Several authors have alleged that there was a plot to kidnap Pope Pius XII by the Nazis when they occupied Rome during World War II. Karl Wolff, a general in the Schutzstaffel, stated that he had been ordered on 13 September 1943 to kidnap the Pope.

==Accounts by former SS and Wehrmacht commanders==
In the early 1970s Karl Wolff, former Supreme SS and Police Leader in Italy, promoted the theory of an alleged plot. Most other allegations of such a plot are based on a 1972 document written by Wolff that Avvenire d'Italia published in 1991, and on personal interviews with Wolff before his death in 1984. Wolff maintained that on 13 September 1943 Adolf Hitler gave the directive to "occupy Vatican City, secure its files and art treasures, and take the Pope and Curia to the north". Hitler allegedly did not want the Pope to "fall into the hands of the Allies". Wolff's reliability has been questioned by historians of the Holocaust such as István Deák, a professor of history at Columbia University.

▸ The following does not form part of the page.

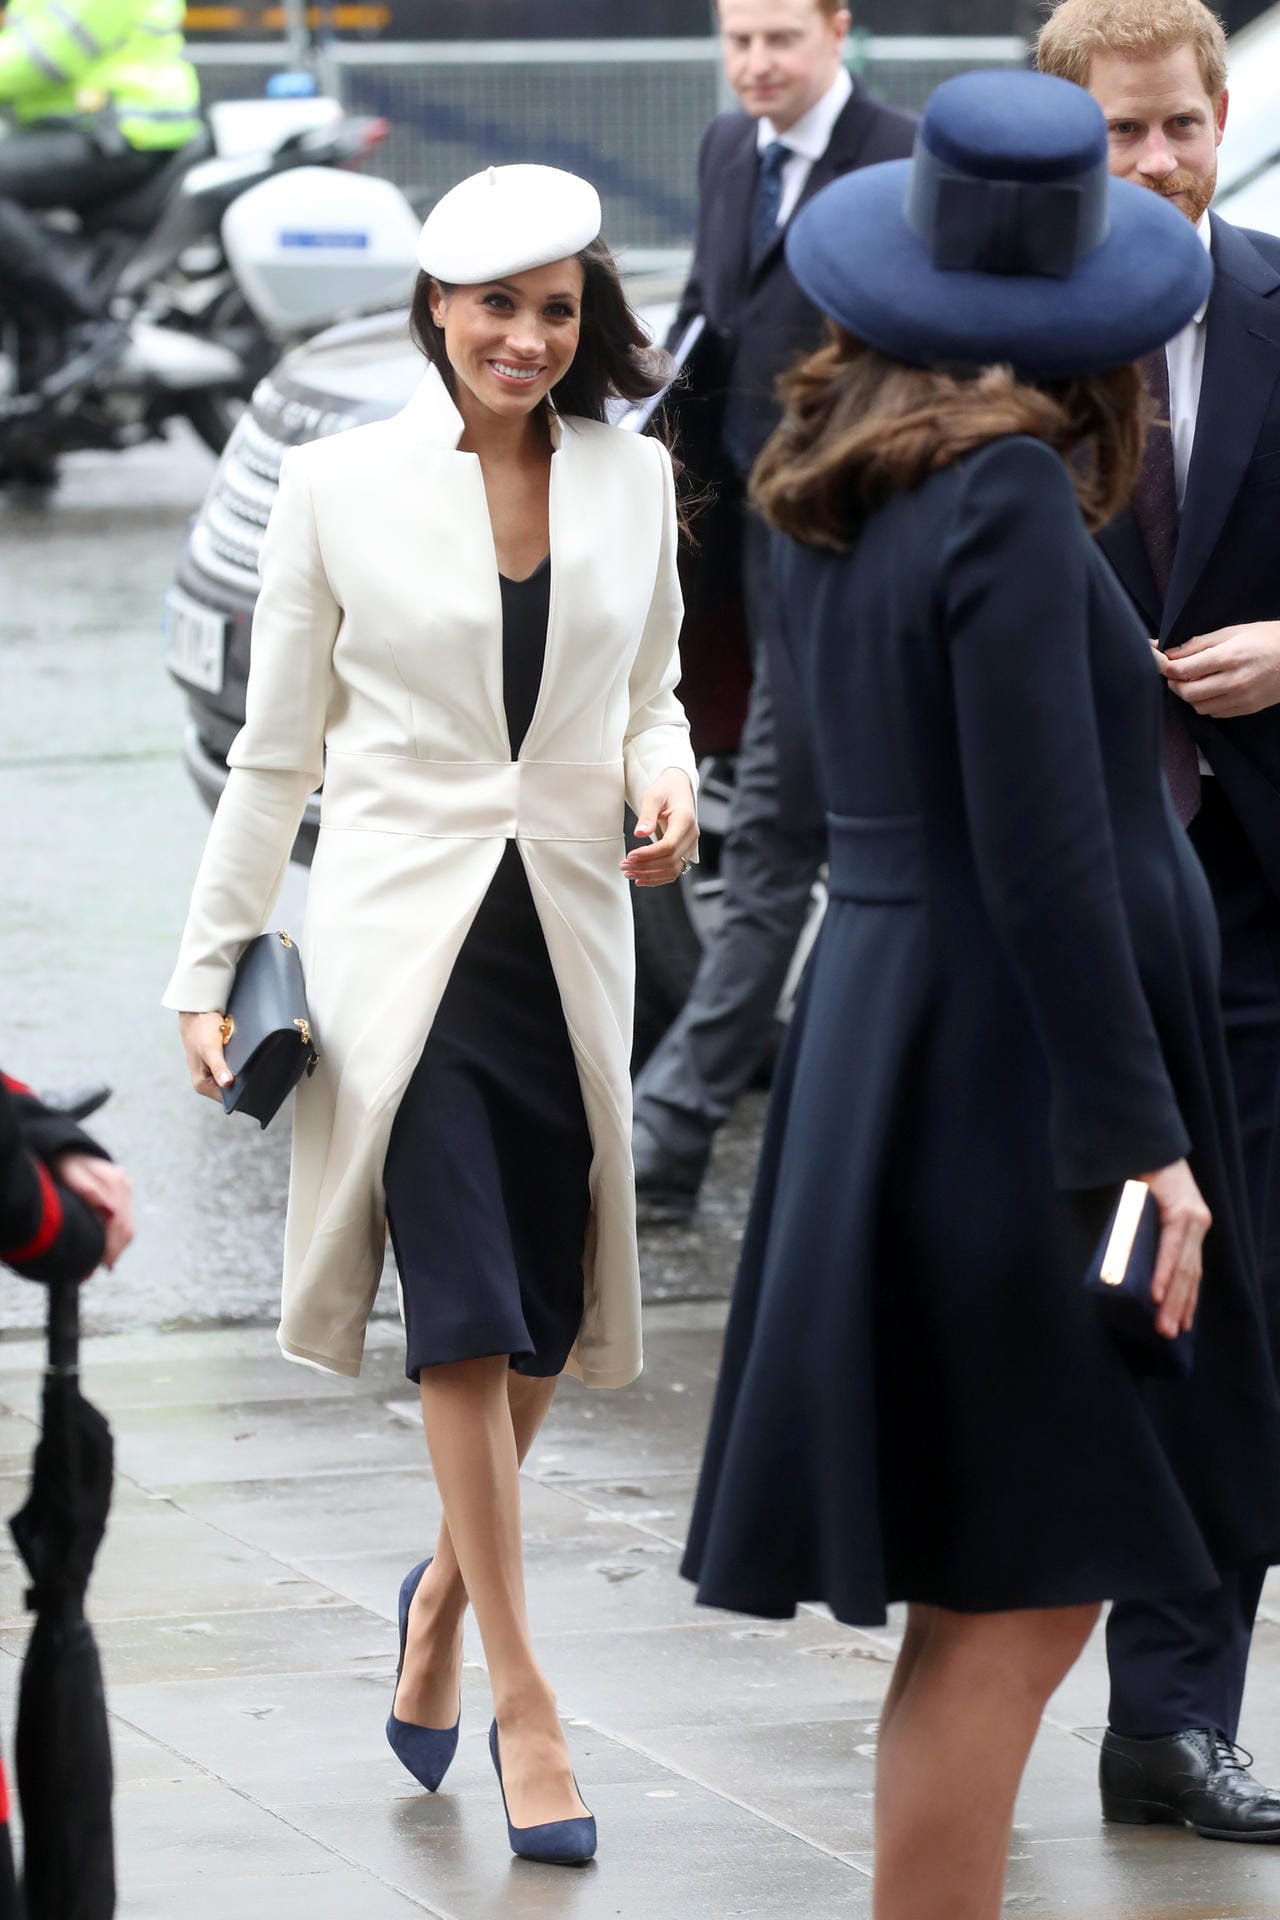 Gottesdienst in der Londoner Westminster Abbey im März 2018: Meghans Look harmoniert farblich perfekt mit dem von Kate.

Reviewing A Special Mission by Dan Kurzman, a promoter of the theory, Deák noted Kurzman's "credulity" and that the latter "uncritically accepts the validity of controversial documents and unquestioningly believes in the statements made to him by his principal German interlocutor, the former SS General Karl Wolff". He further criticized the book's "modest documentation" containing "a great number of vague or inaccurate references".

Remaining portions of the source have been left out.